Ian has an MBA and is a real estate investor, former health professions educator, and Air Force veteran.

The way many people calculate averages doesn't necessarily give an accurate picture of investment returns. In this lesson we will compare geometric and arithmetic averages and learn how they impact investment return math.

Calculation of Returns

As an investor in stocks and bonds, Sam wants to know what kind of return on his investments he has made over the last five years. Specifically, Sam wants to know what his average return has been over that time period. But the exact method for calculating the true returns of an investment differs from the calculation of averages that most people think of. In the lesson ahead we will help Sam understand the difference between arithmetic and geometric averages.

The Arithmetic Average

When Sam thinks of an average, the first thing that comes to mind is his memory of figuring out averages on his school exams. He's thinking of this kind of average: if his last five test scores were 95%, 80%, 99%, 86%, and 90%, his average would be 90%.

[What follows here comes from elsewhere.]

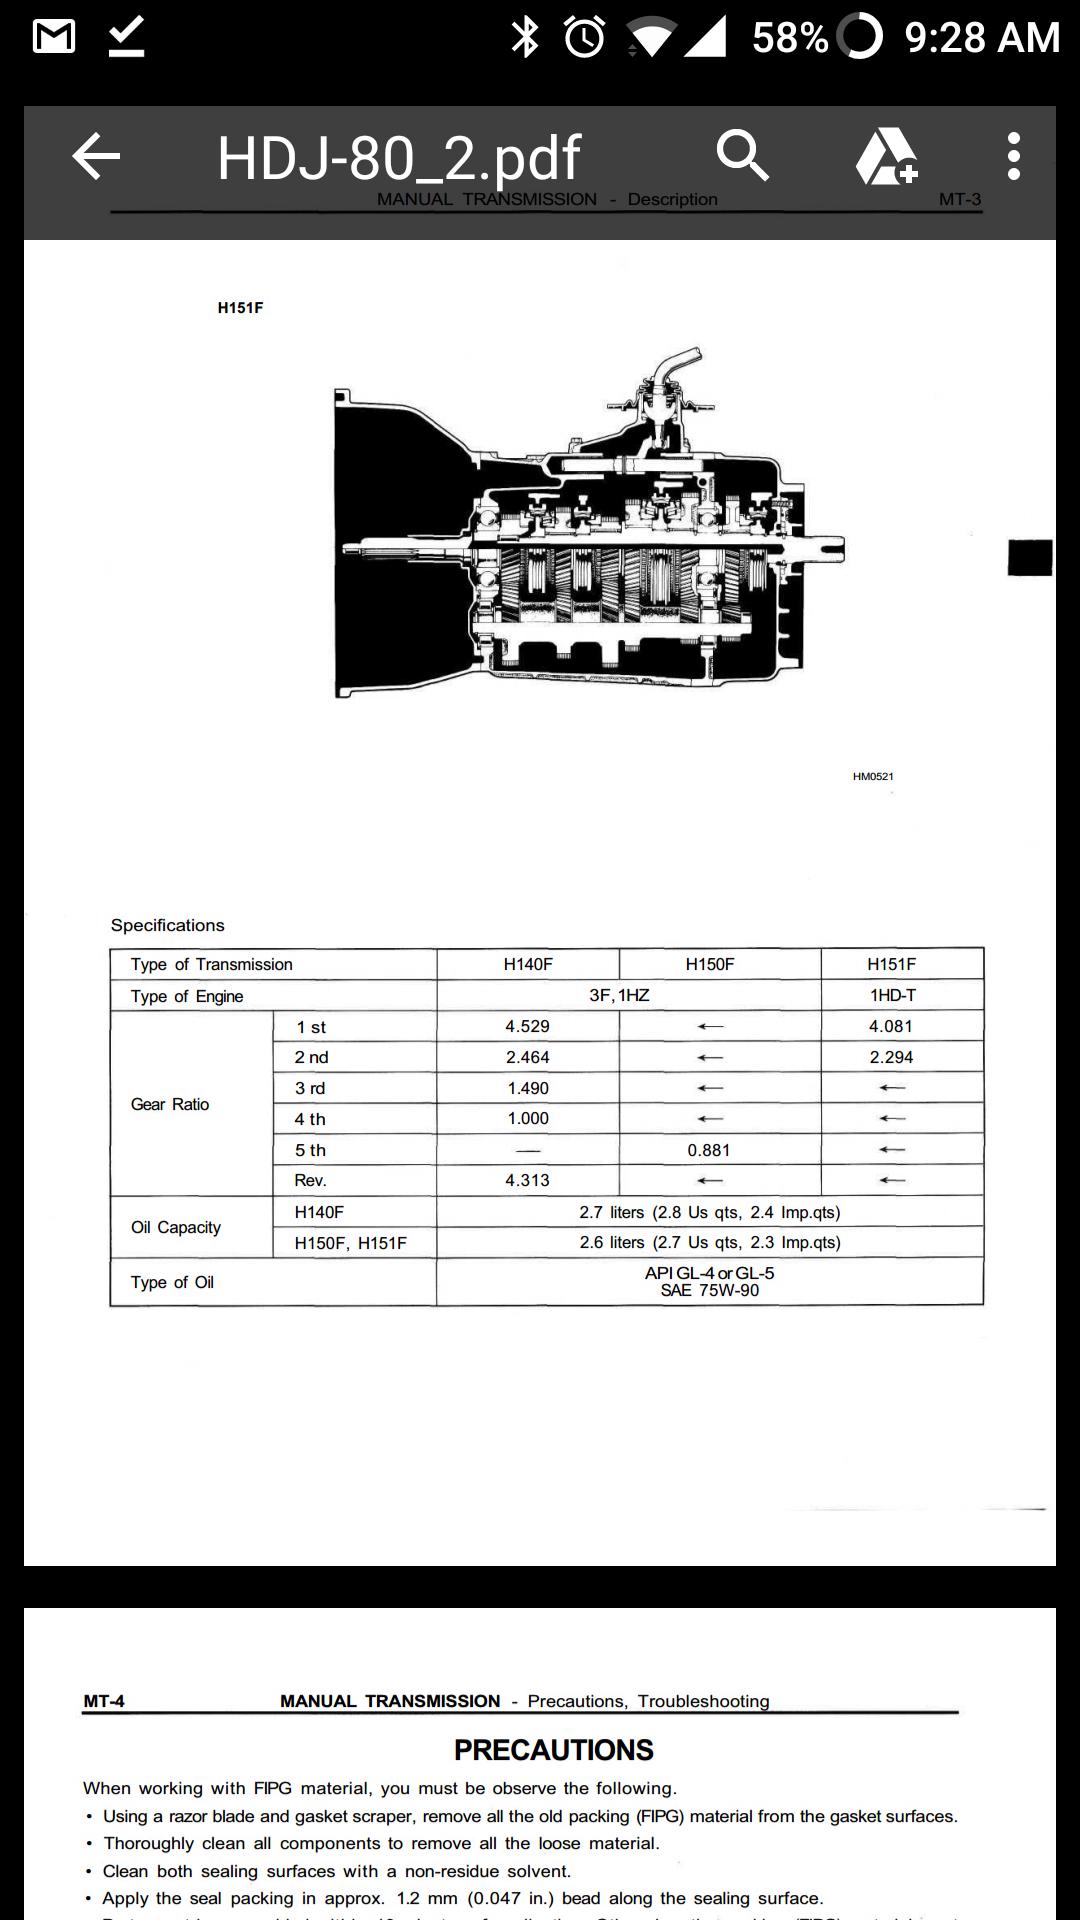 Screenshot_20170127-092840.png

This is an arithmetic average, and the formula for calculating it is (a + b + c + d + e) / n where n is the number of data points in the average. So if we plug in Sam's test scores, the equation is (95 + 80 + 99 + 86 + 90) / 5 = 90.

Using the same formula for calculating Sam's returns on his investments, we might say that if Sam's returns over the last five years were -3%, 5%, 10%, -2%, and 20%, the arithmetic average would be 6%. But the problem with using this formula for investments is that it treats each data point as unique. In other words, how Sam scored on each test has nothing to do with the score on the previous test. But in investing, returns are incredibly dependent on how the investment has performed previously. This means the arithmetic average could be misleading, so let's look at what happens when we use a formula that accounts for past performance.

The Geometric Average

The geometric average takes into account how an investment has previously performed when calculating the average return. Picture the following scenario: If an investment of $100 has a 100% return in year one followed by a negative 50% return in year two, the arithmetic average would be 25%. However, the final sum is still $100. Sam hasn't gained any actual return, and if anything, has lost money to inflation.